• [Collected material]
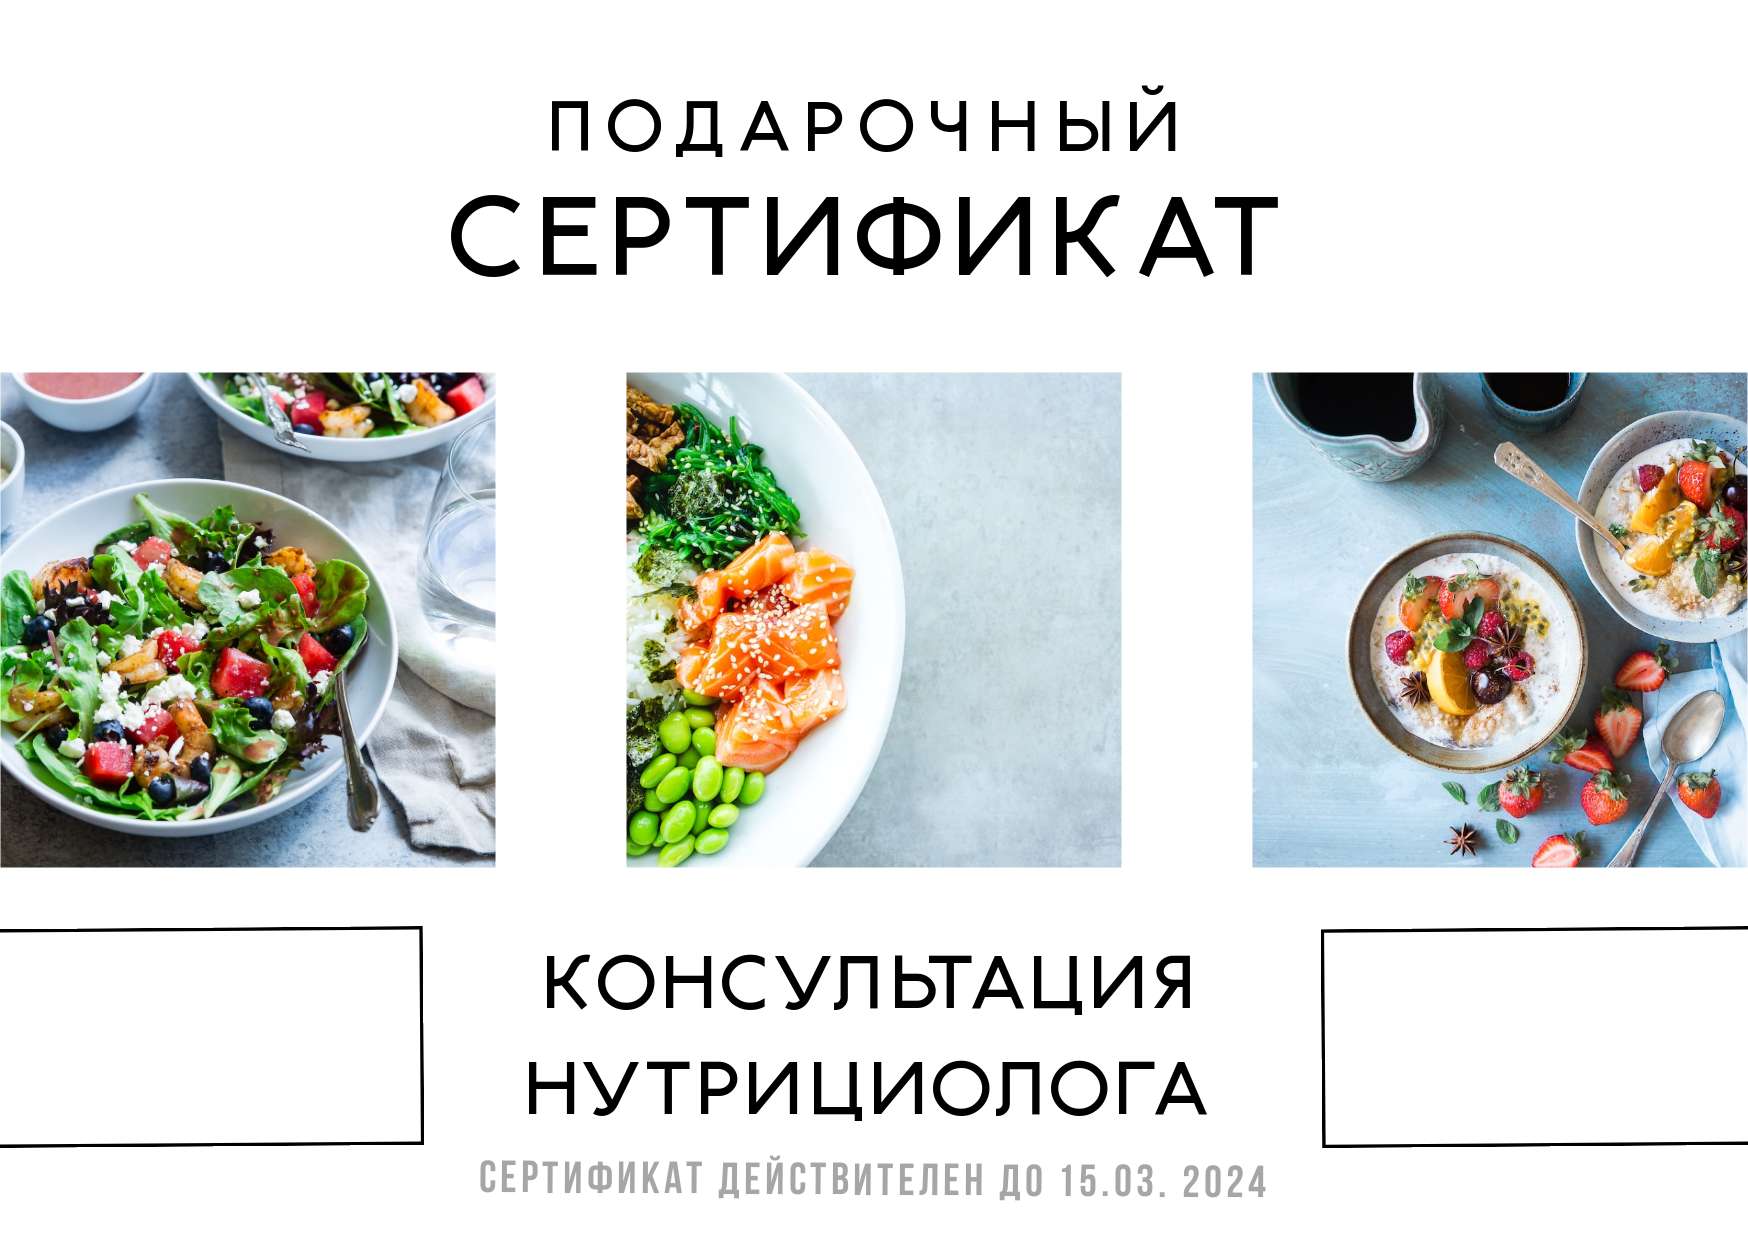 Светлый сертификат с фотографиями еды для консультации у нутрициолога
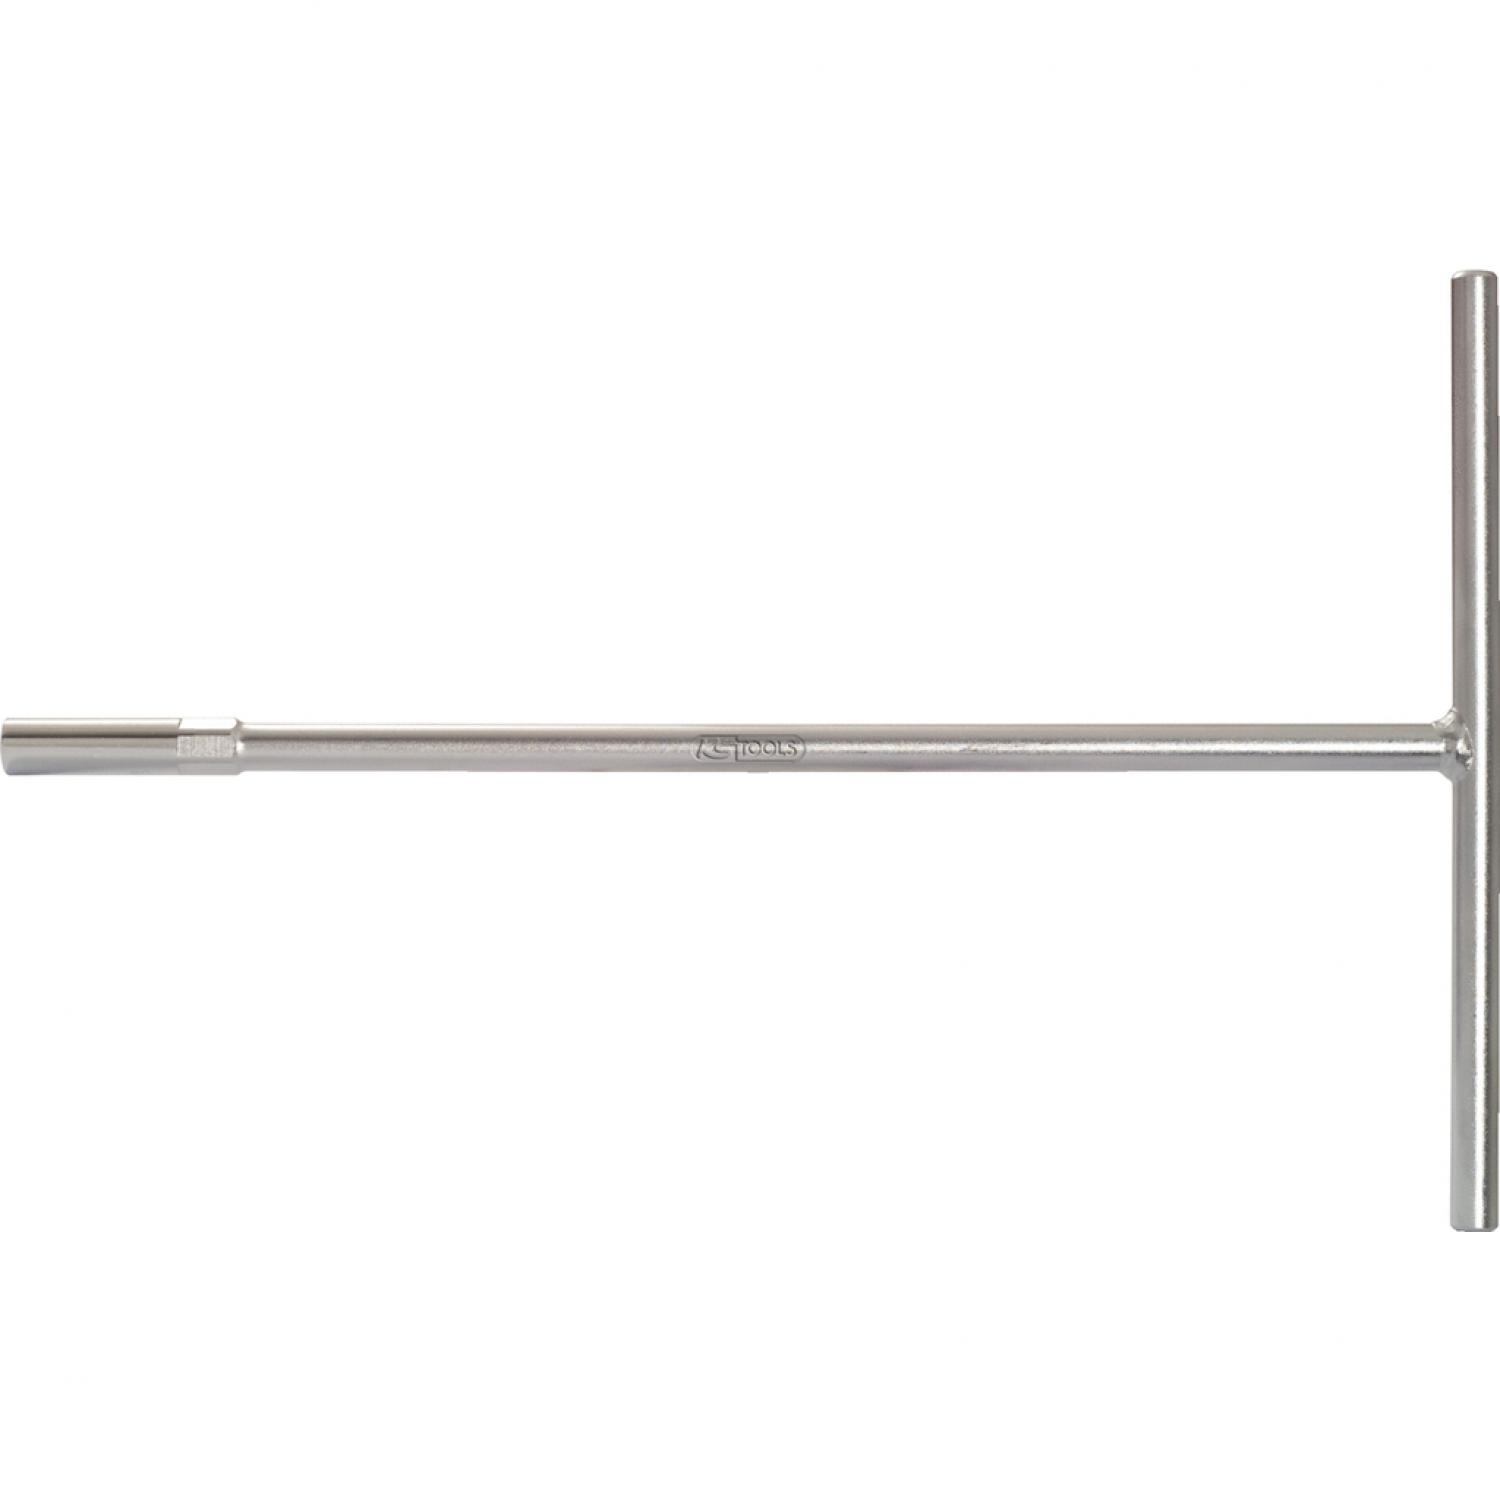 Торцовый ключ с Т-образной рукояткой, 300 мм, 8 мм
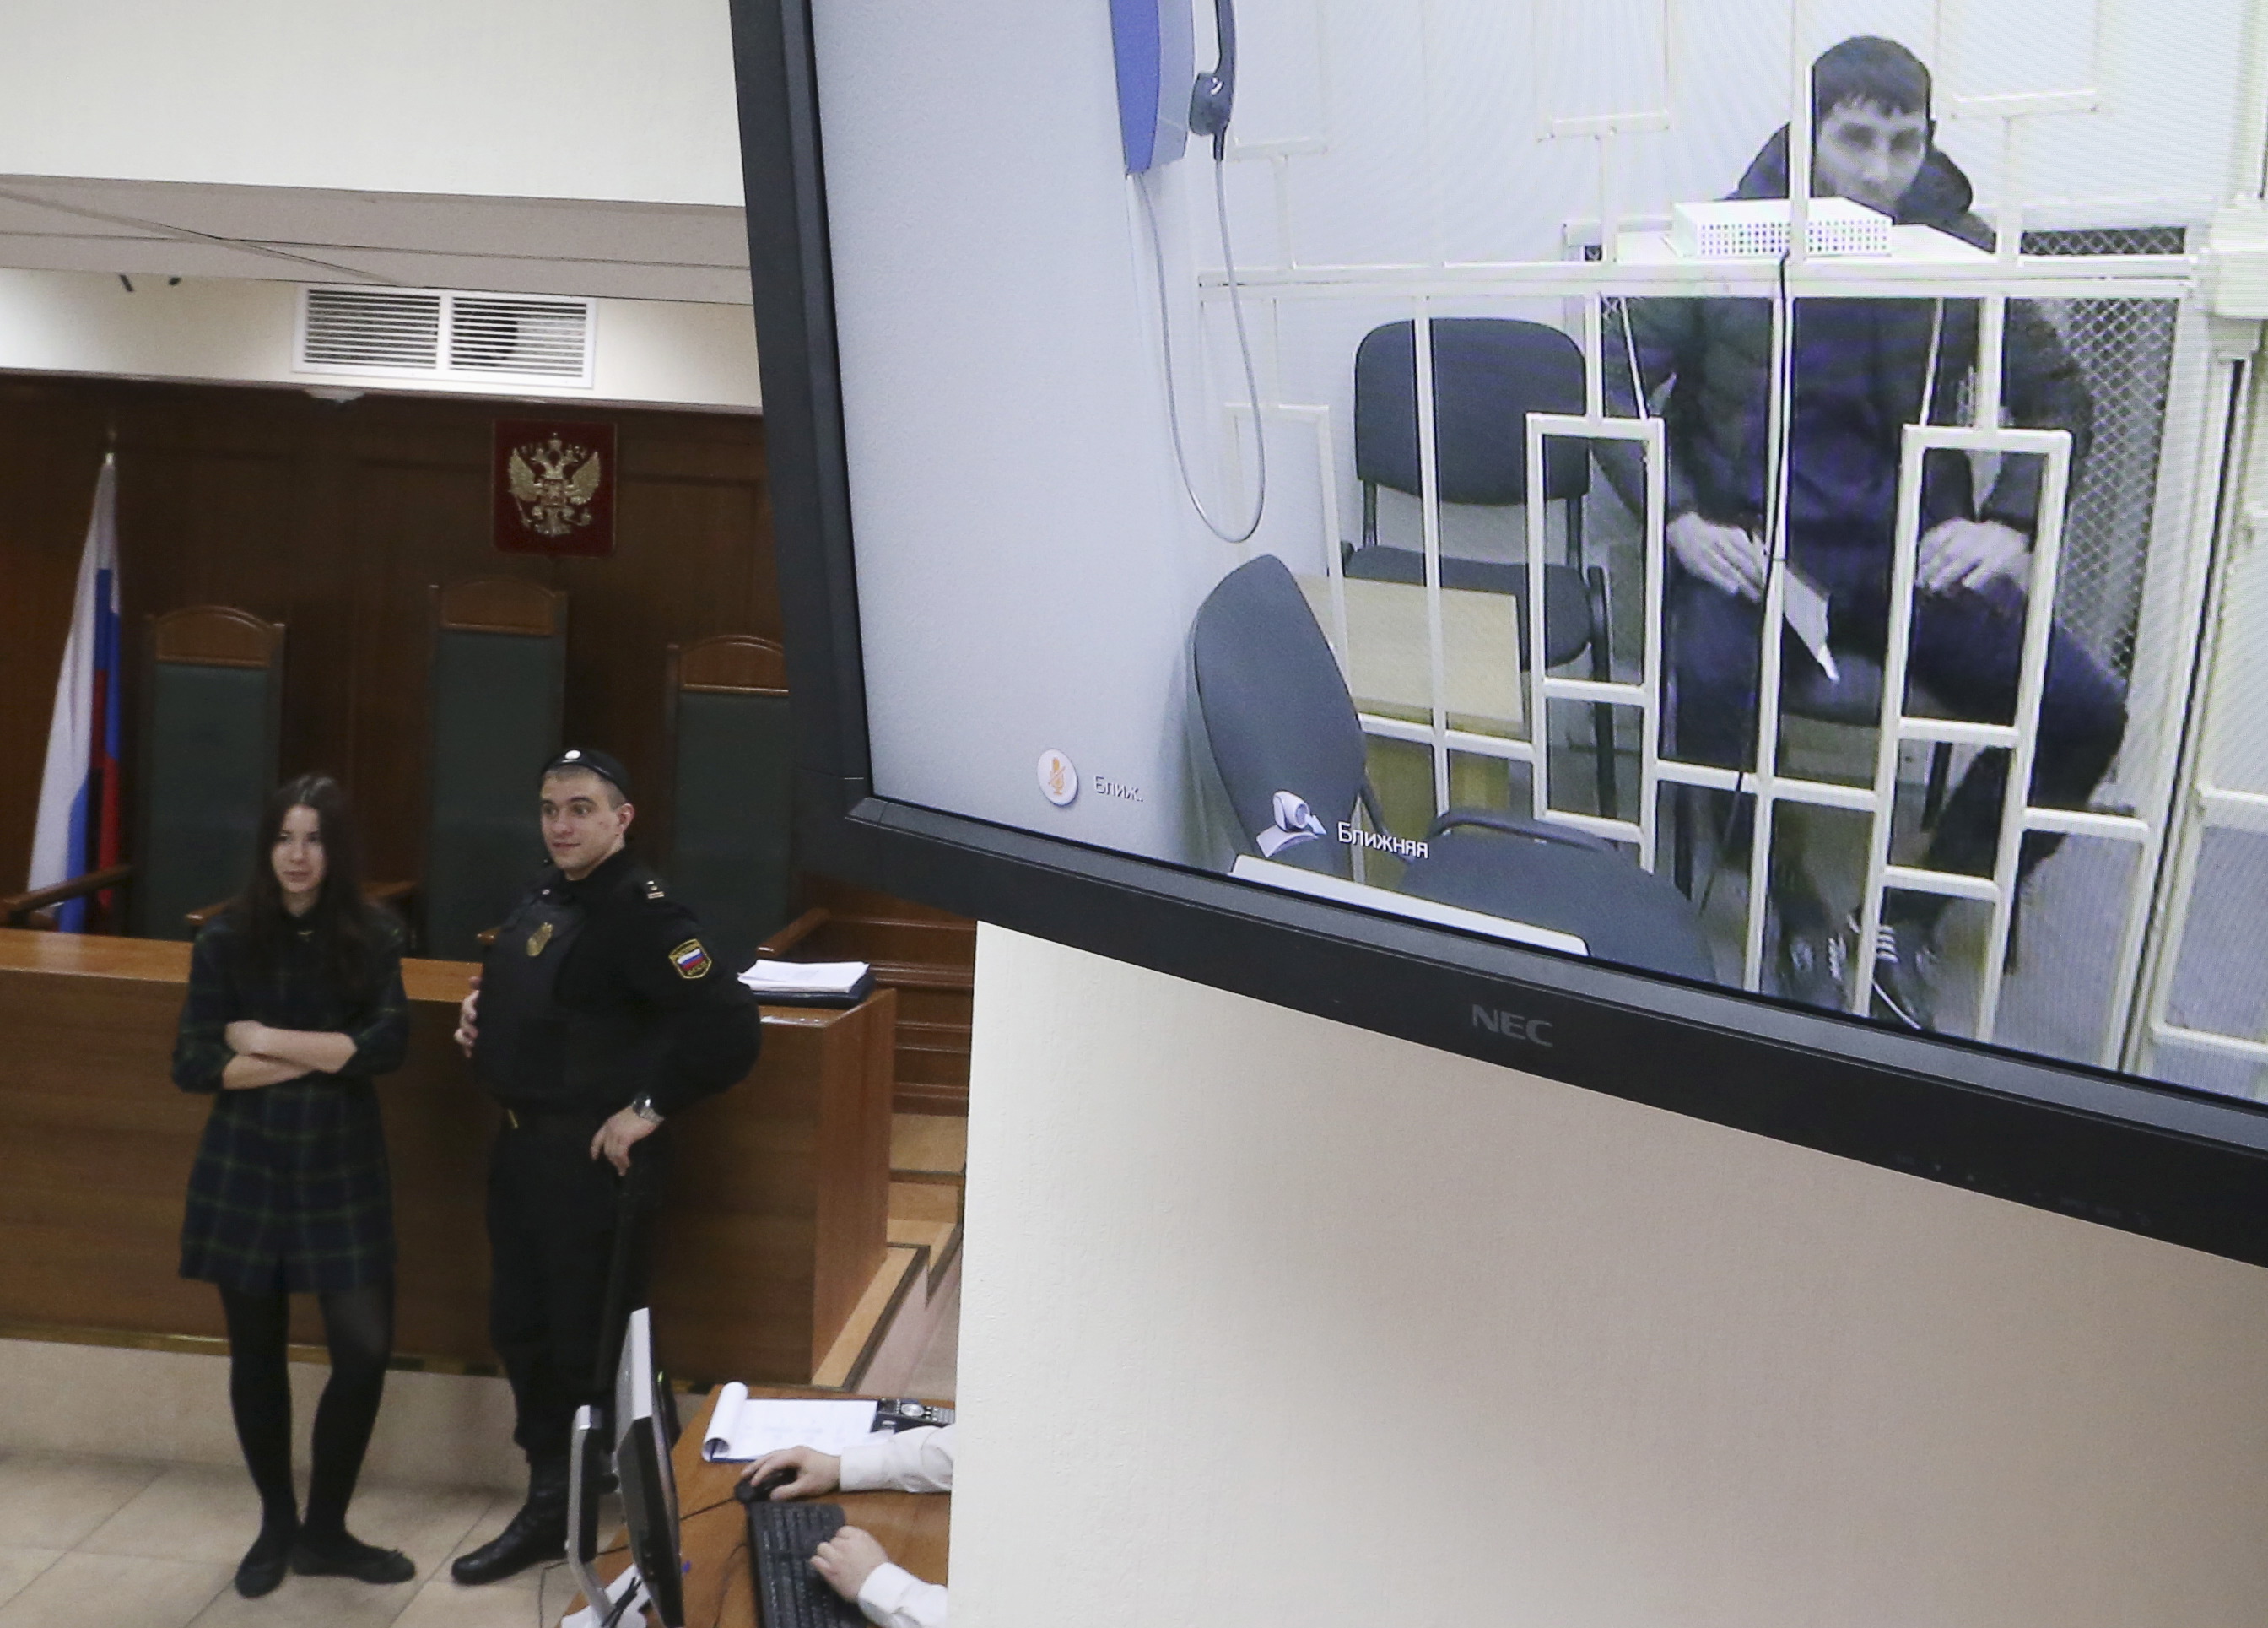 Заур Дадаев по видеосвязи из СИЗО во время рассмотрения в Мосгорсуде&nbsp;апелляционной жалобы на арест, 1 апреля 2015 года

• [To do] The listing should be transcribed in full, exactly, and without its pictures.

• [The answer]
 Светлый сертификат с фотографиями еды для консультации у нутрициолога
 Торцовый ключ с Т-образной рукояткой, 300 мм, 8 мм
 Заур Дадаев по видеосвязи из СИЗО во время рассмотрения в Мосгорсуде&nbsp;апелляционной жалобы на арест, 1 апреля 2015 года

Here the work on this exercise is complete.